Keane J held that the application would be refused.

Application refused.

JUDGMENT of Mr Justice David Keane delivered on the 28th May 2019

This is the judicial review of a decision, made by the Minister for Justice and Equality (“the Minister”) on 28 September 2016, to refuse the non-national applicant's request, made by letter dated 11 November 2015, for permission to reside in the State under s. 4 of the Immigration Act 2004, as amended (“the Act of 2004”).


The application for judicial review was heard together with the application for leave to seek judicial review in what has come to be known as a telescoped hearing, presumably by analogy with the way in which the different concentric tubular parts of an old-fashioned nautical telescope can be collapsed together into a single section of tube. Although I have not been shown a copy, I understand that Mac Eochaidh J made an order directing such a hearing on 21st November 2016.

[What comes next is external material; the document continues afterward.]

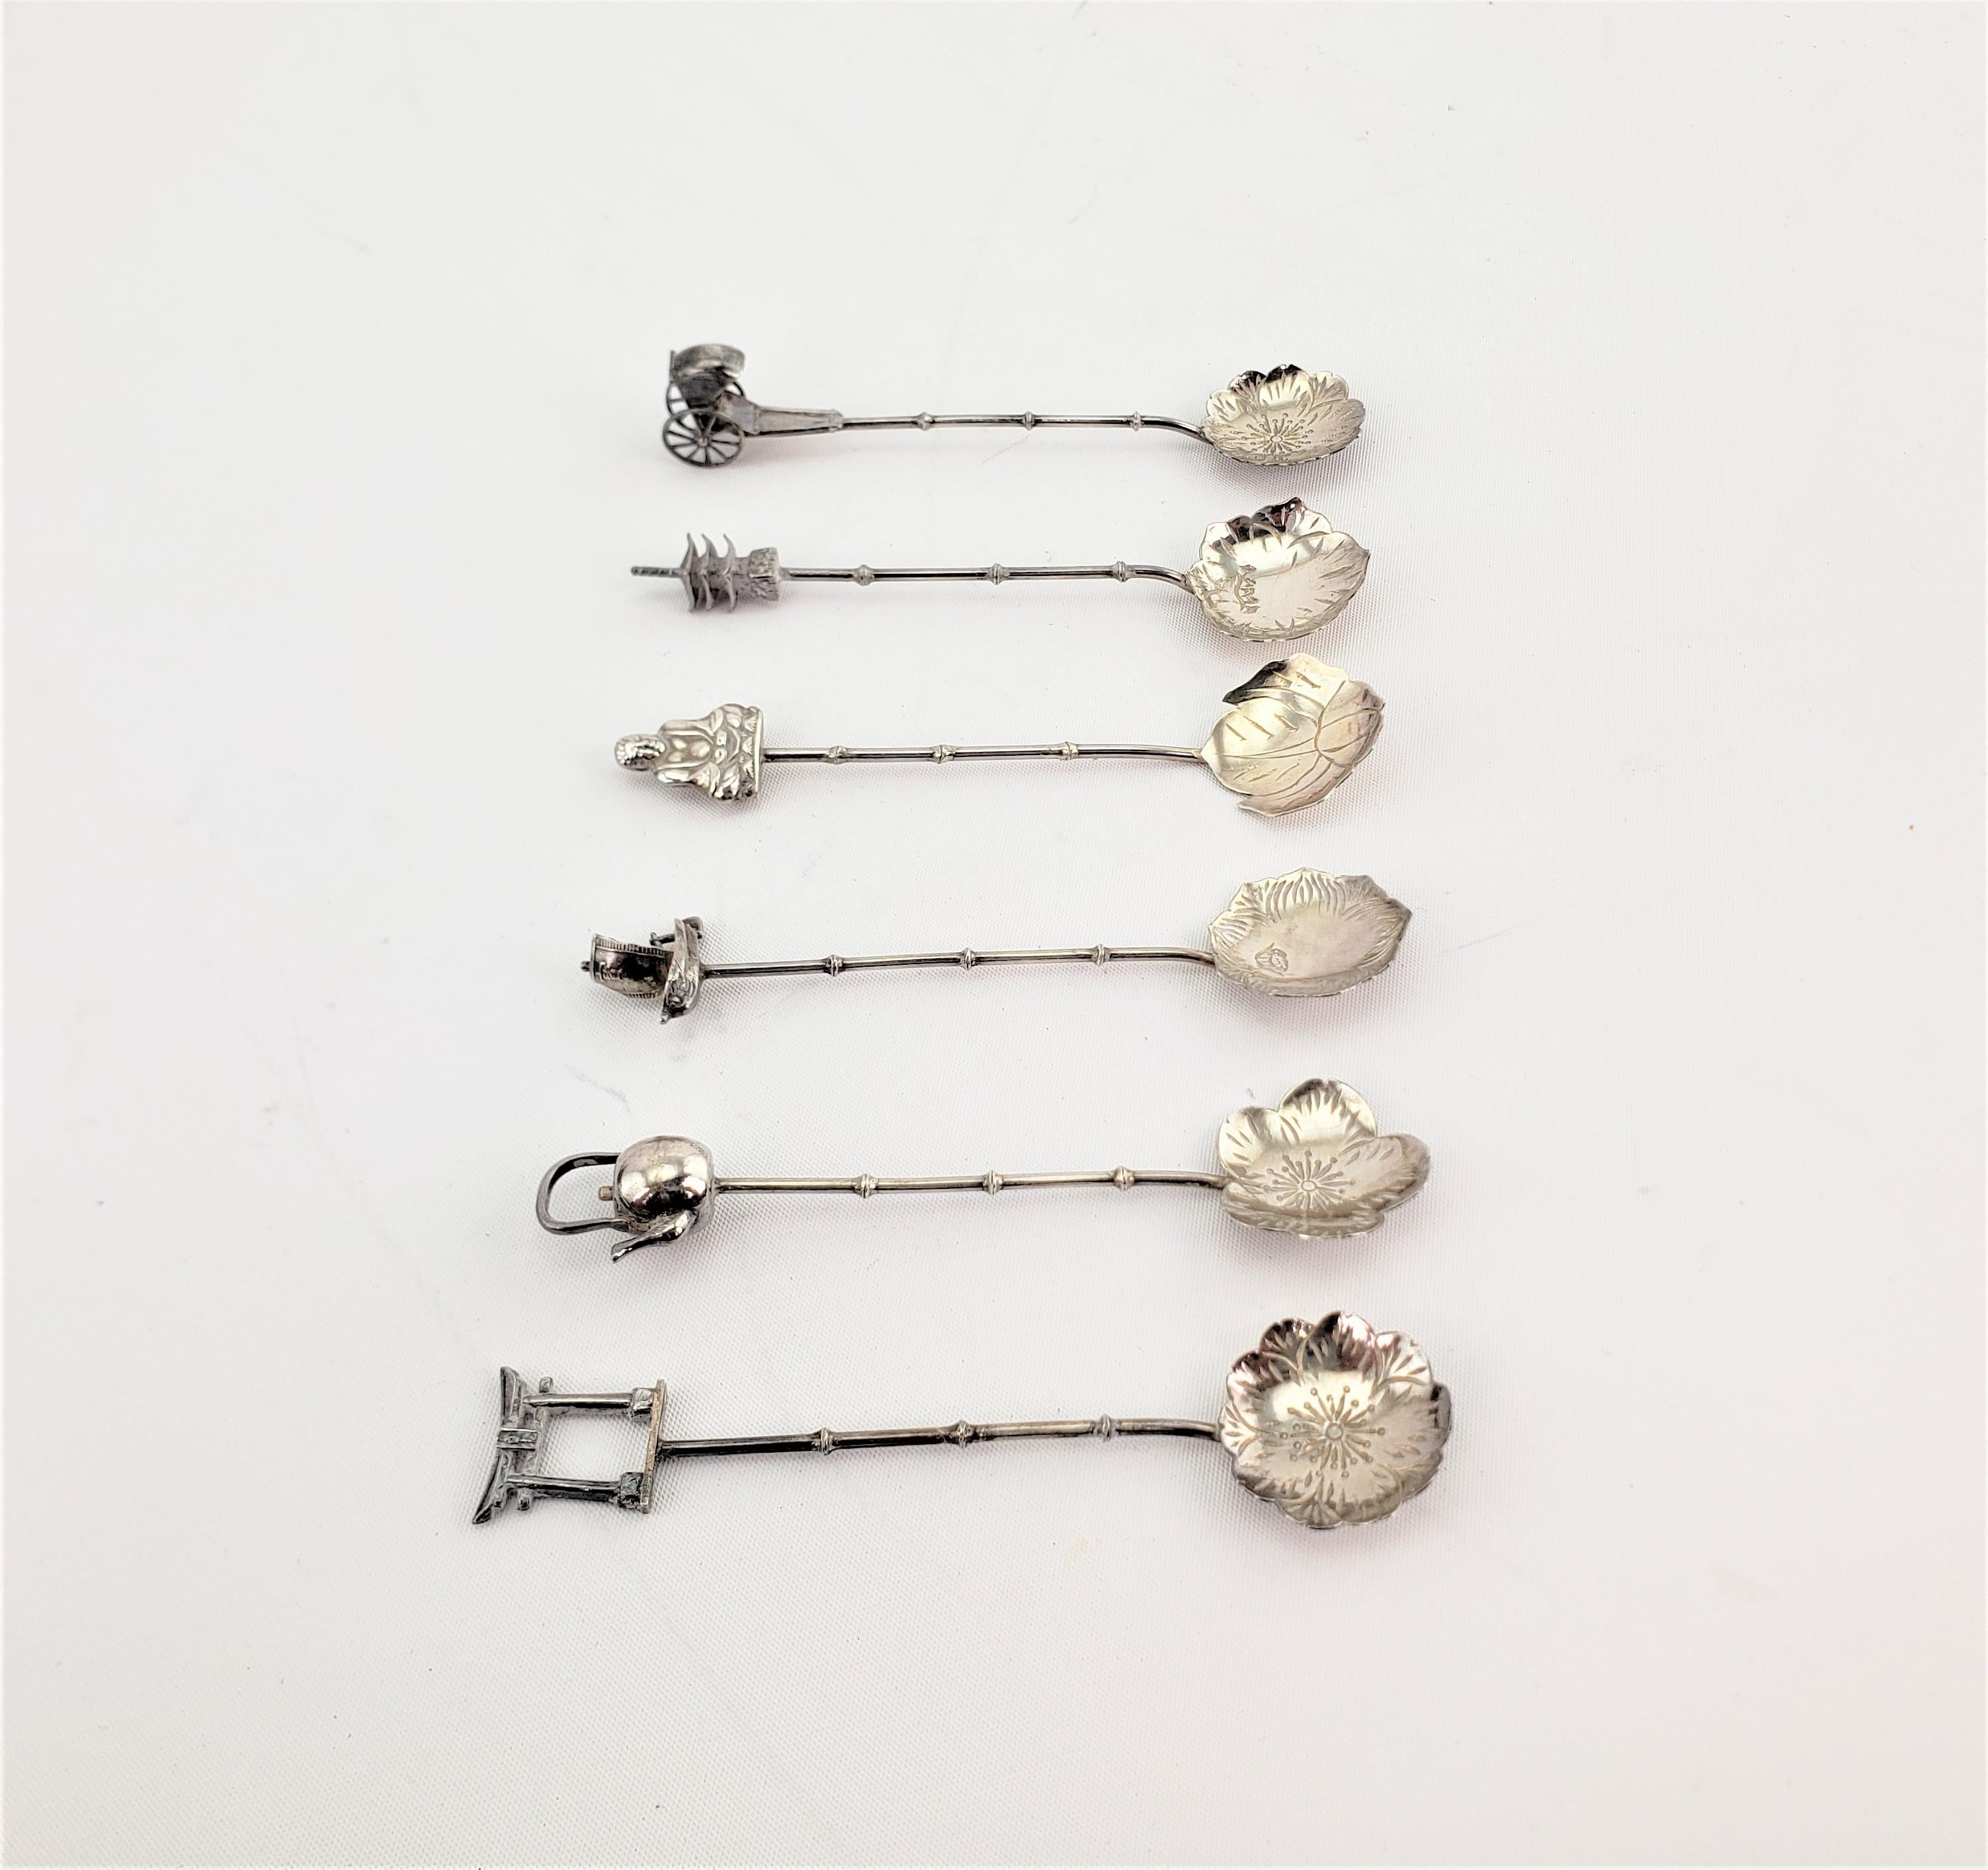 Set of 6 Sterling Silver Figural Japanese Coffee Sugar Spoons with Fitted Case In Good Condition For Sale In Hamilton, Ontario

Under s. 5 (1) (e) of the Illegal Immigrants (Trafficking) Act 2000 (“the Act of 2000”), as inserted by s. 34(1) of Employment Permits (Amendment) Act 2014 (an open invitation to a charge of legislative obscurantism), a person can only challenge a refusal of residence permission under s. 4 of the Act of 2004 by application for judicial review and, under s. 5 (2) of the Act of 2000, can only obtain leave to do so by satisfying the court that there are substantial grounds for contending that the refusal ought to be quashed.

Procedural history

The applicant's statement of grounds, dated 24 October 2016, is grounded on an affidavit of the applicant, sworn the following day. The respondent filed a statement of opposition on 9 January 2016, grounded on an affidavit of Alan King, an assistant principal officer in the Minister's department, sworn on 5 January 2017. A solicitor in the Chief State Solicitor's Office (“CSSO”) swore a further affidavit on behalf of the Minster on 25 May 2017, exhibiting certain inter partes correspondence and a policy document.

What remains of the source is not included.